If there are no loop breaks or returns, then on each iteration of the loop that reaches the backedge, both the loop construct and the continue construct are executed. Pretend that “loop construct” was renamed “first-part-of-loop construct”.
So yes, in spirit “the spec says what it says”, and it’s not what you were expecting.
Here’s another exercise: A single block loop is valid:
%loop_head = OpLabel
OpLoopMerge %merge %loop_head None
OpBranchConditional %cond %loop_head %merge
%merge = OpLabel ....
In this case the “loop construct” is empty (surprise!), and the continue construct consists of the %loop_head block. This fits the definitions.
If I were to just break out the back-edge OpBranch and make that its own block, that would result in valid code? This disjoint aspect seems contrived.
The continue construct can have many blocks in it.
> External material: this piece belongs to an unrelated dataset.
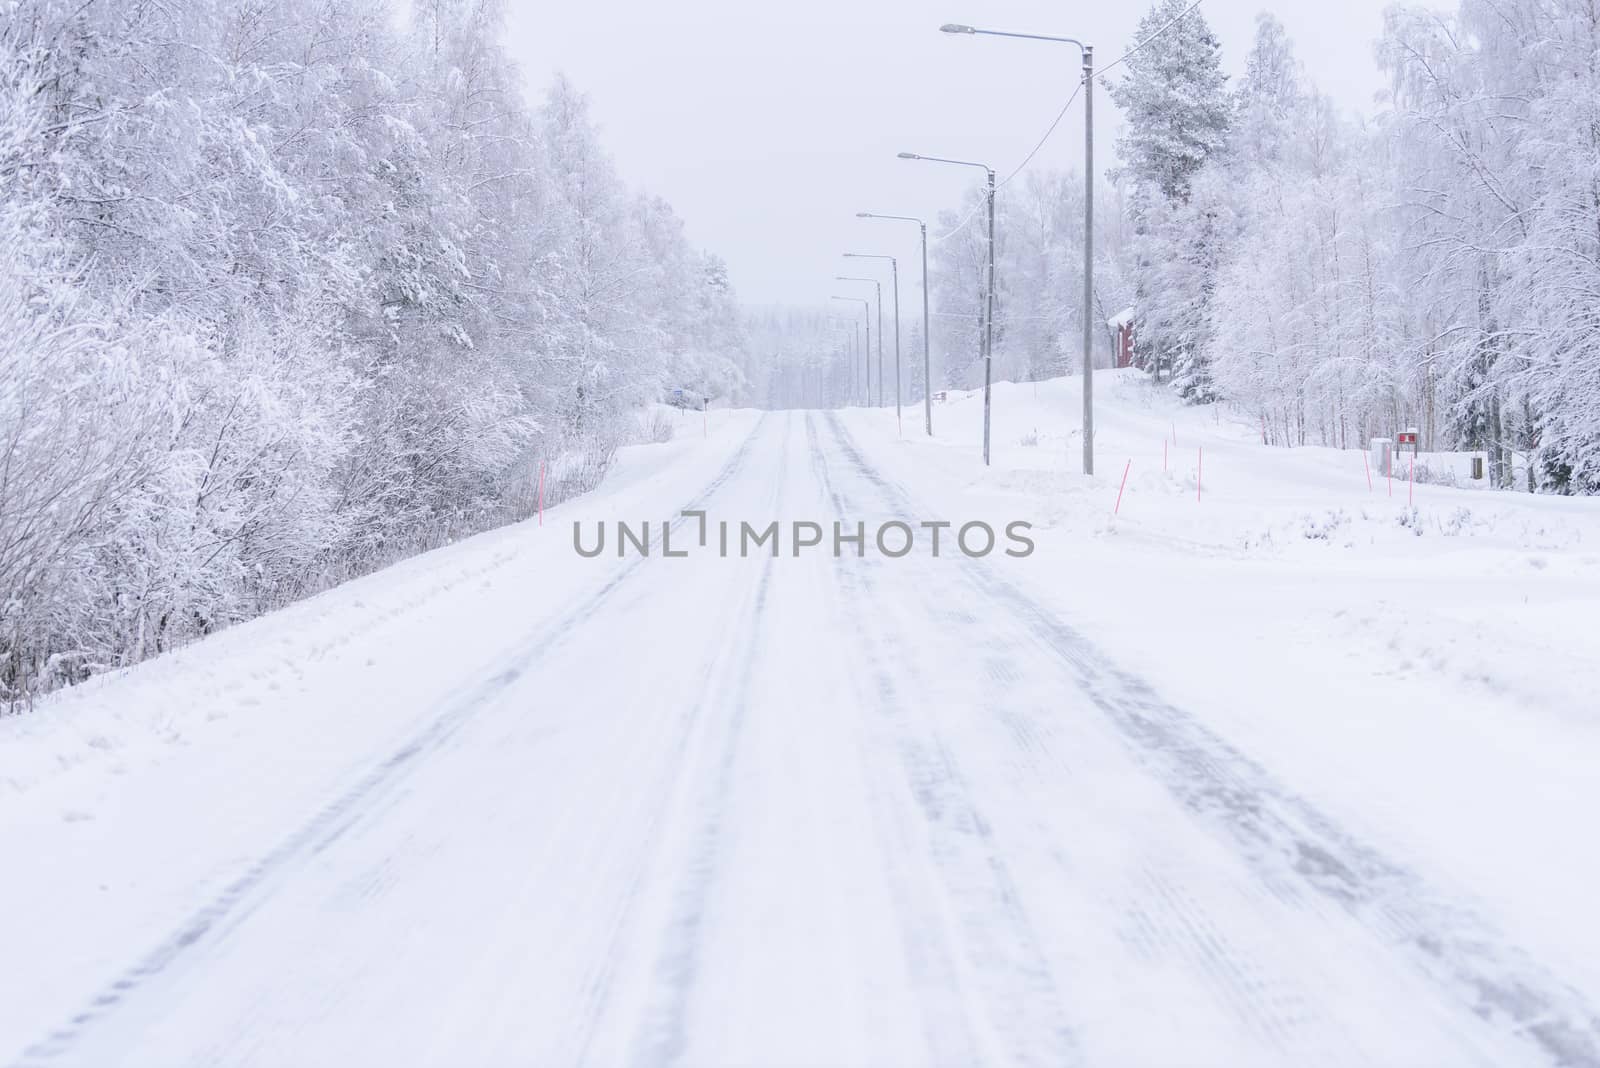 The road number 496  has covered with heavy snow in winter seaso by animagesdesign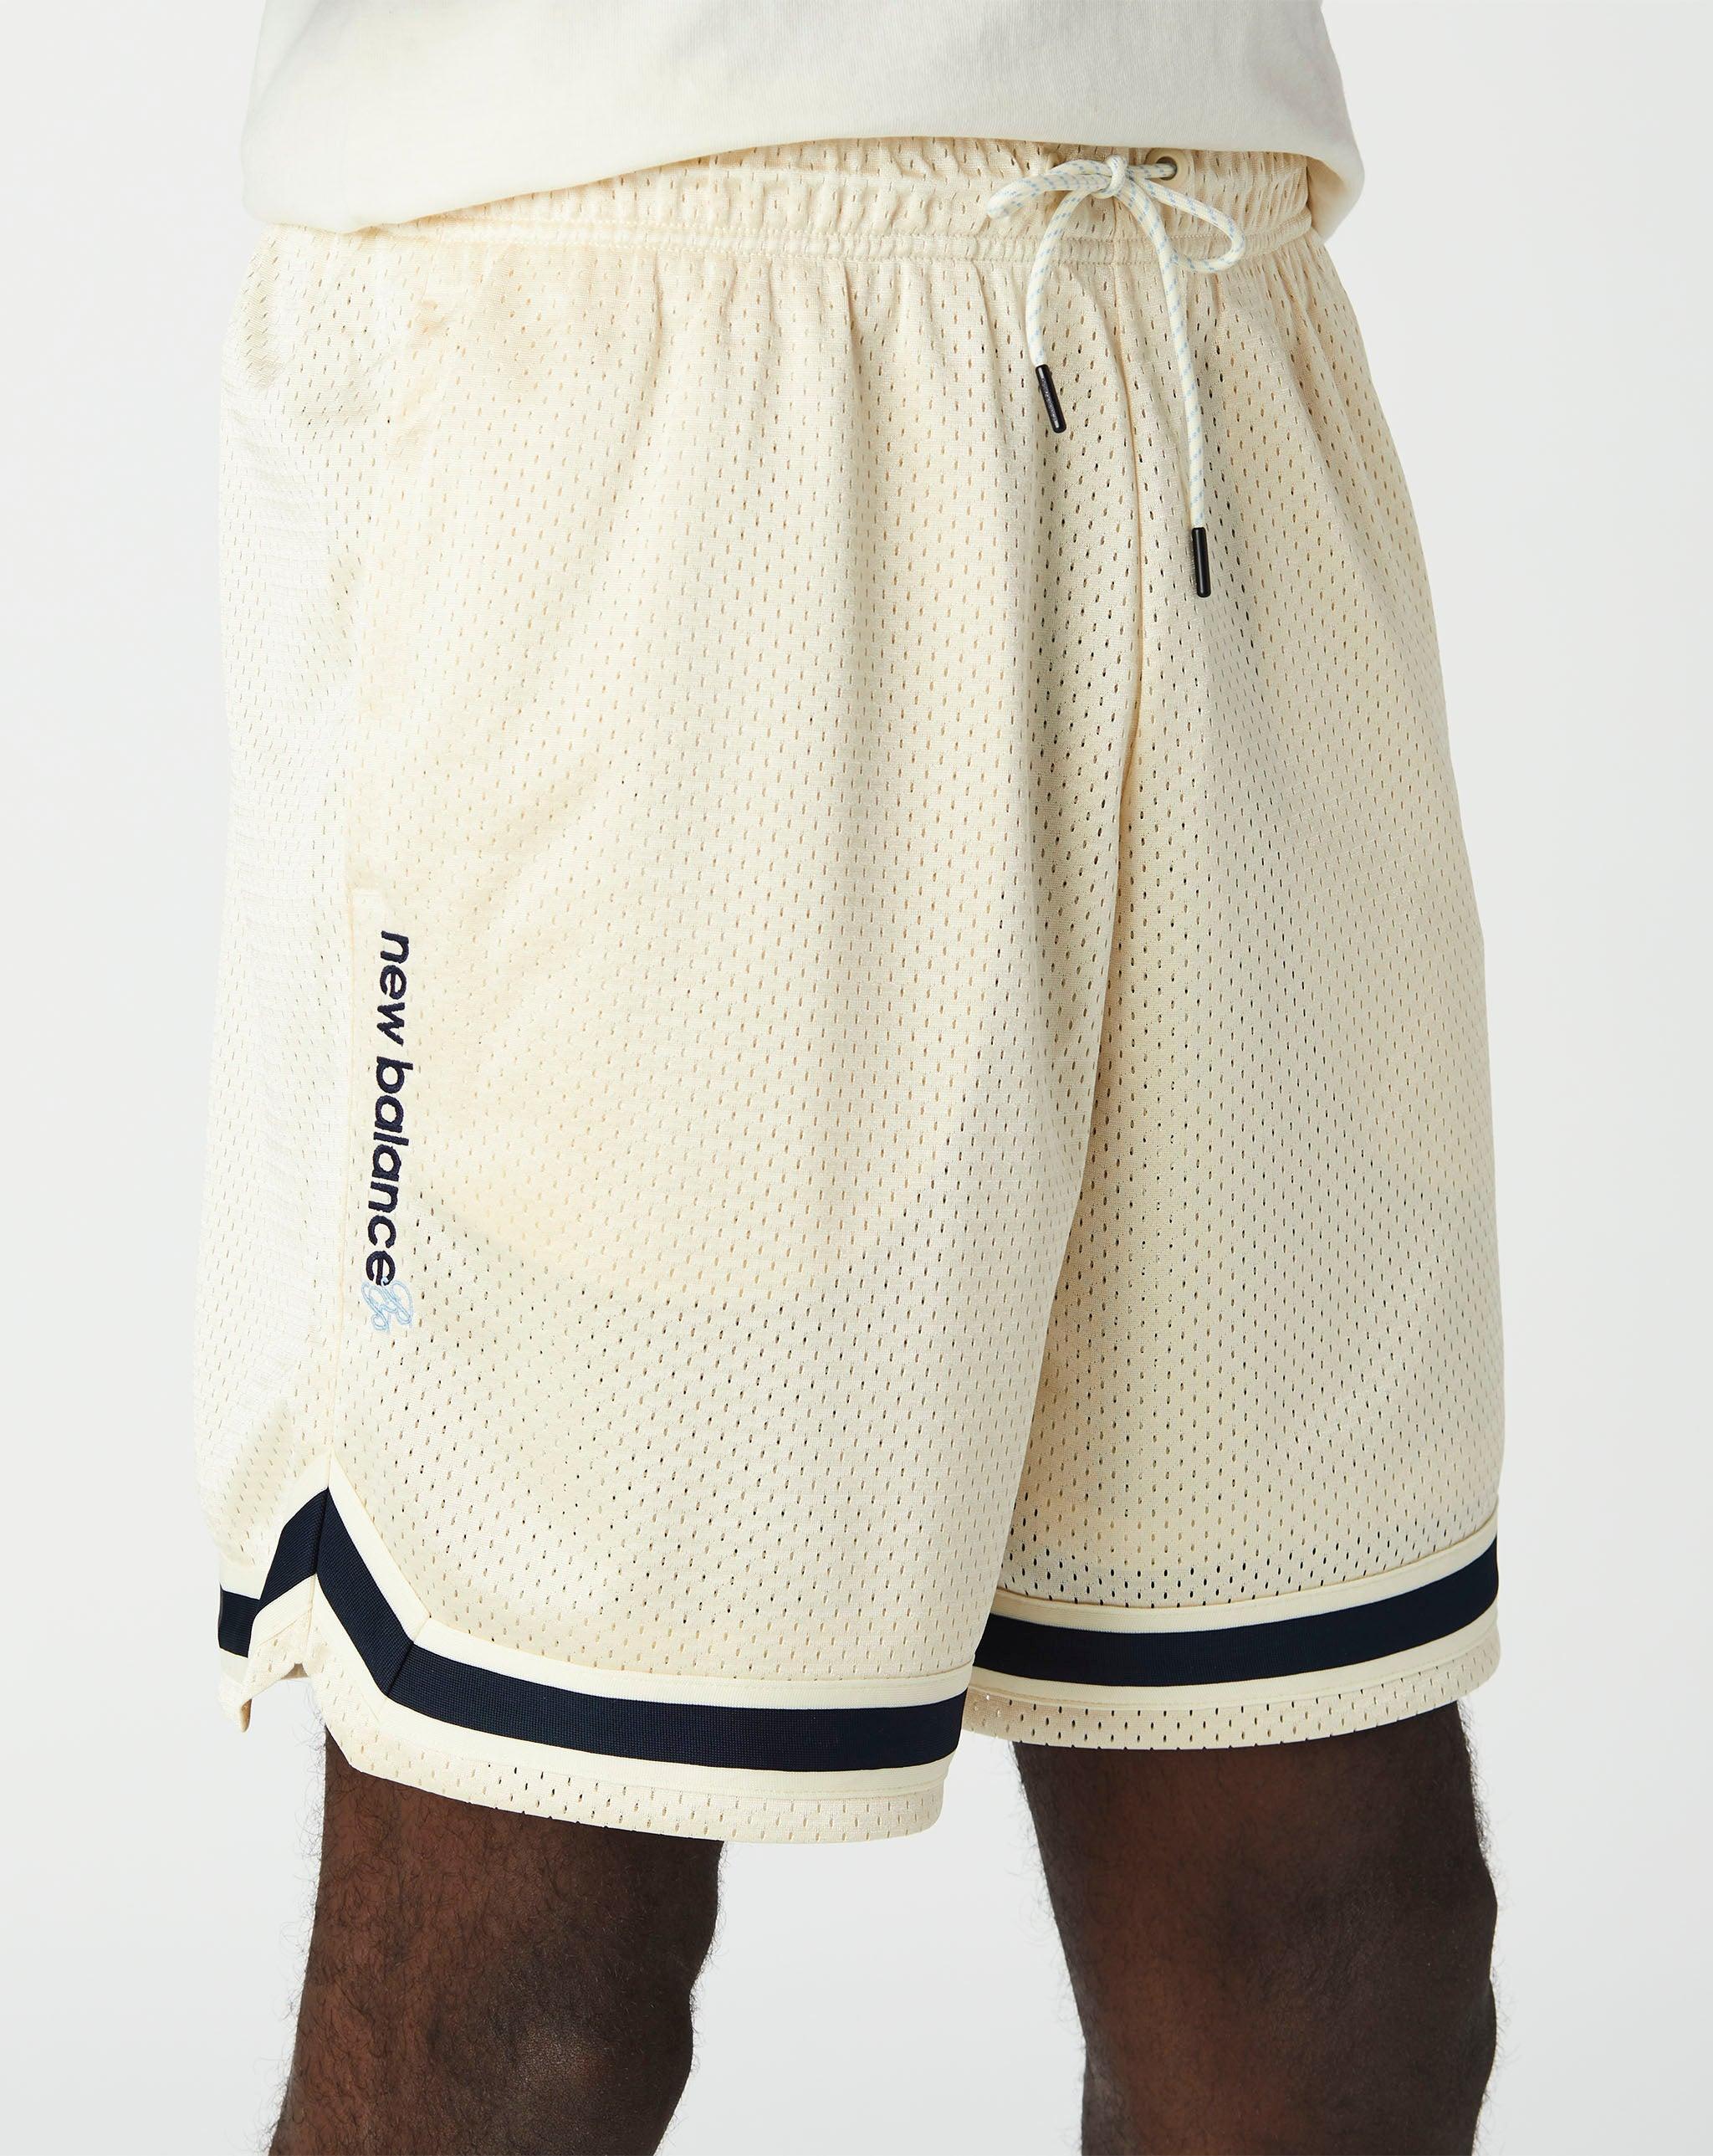 New Balance Rich Paul X Shorts in Natural for Men | Lyst

The only constraints are that the continue target block dominates the backedge block, and the backedge block post-dominates the continue target.
Why on earth did we do that? Well, it’s so that the definitions continue to work even if the continue construct included a call to a complex (multi-block) function, and some step in a toolchain inlined that function.
That might look contrived, but it’s exceedingly common for shader compilers to fully inline the whole call tree. So SPIR-V needed to be resilient to that pattern, while still capturing the essential structure.
The proximate cause of my invalid code is my simplify-cfg pass.
There you go. LLVM is a CPU compiler, in essence. It doesn’t have to concern itself with uniformity concerns that end up being critical to GPU compilation. There are all manner of challenges when you let LLVM mutate the CFG. You very easily lose essential information. For example, this is why the SPIR-V backend to DXC completely avoids generating LLVM IR.
Lastly, you mentioned reconvergence.
See the example at Introduce Subgroup Operations Extension by mehmetoguzderin · Pull Request #954 · gpuweb/gpuweb · GitHub to see how intuition about reconvergence is often mistaken, particularly when subgroup operations are involved.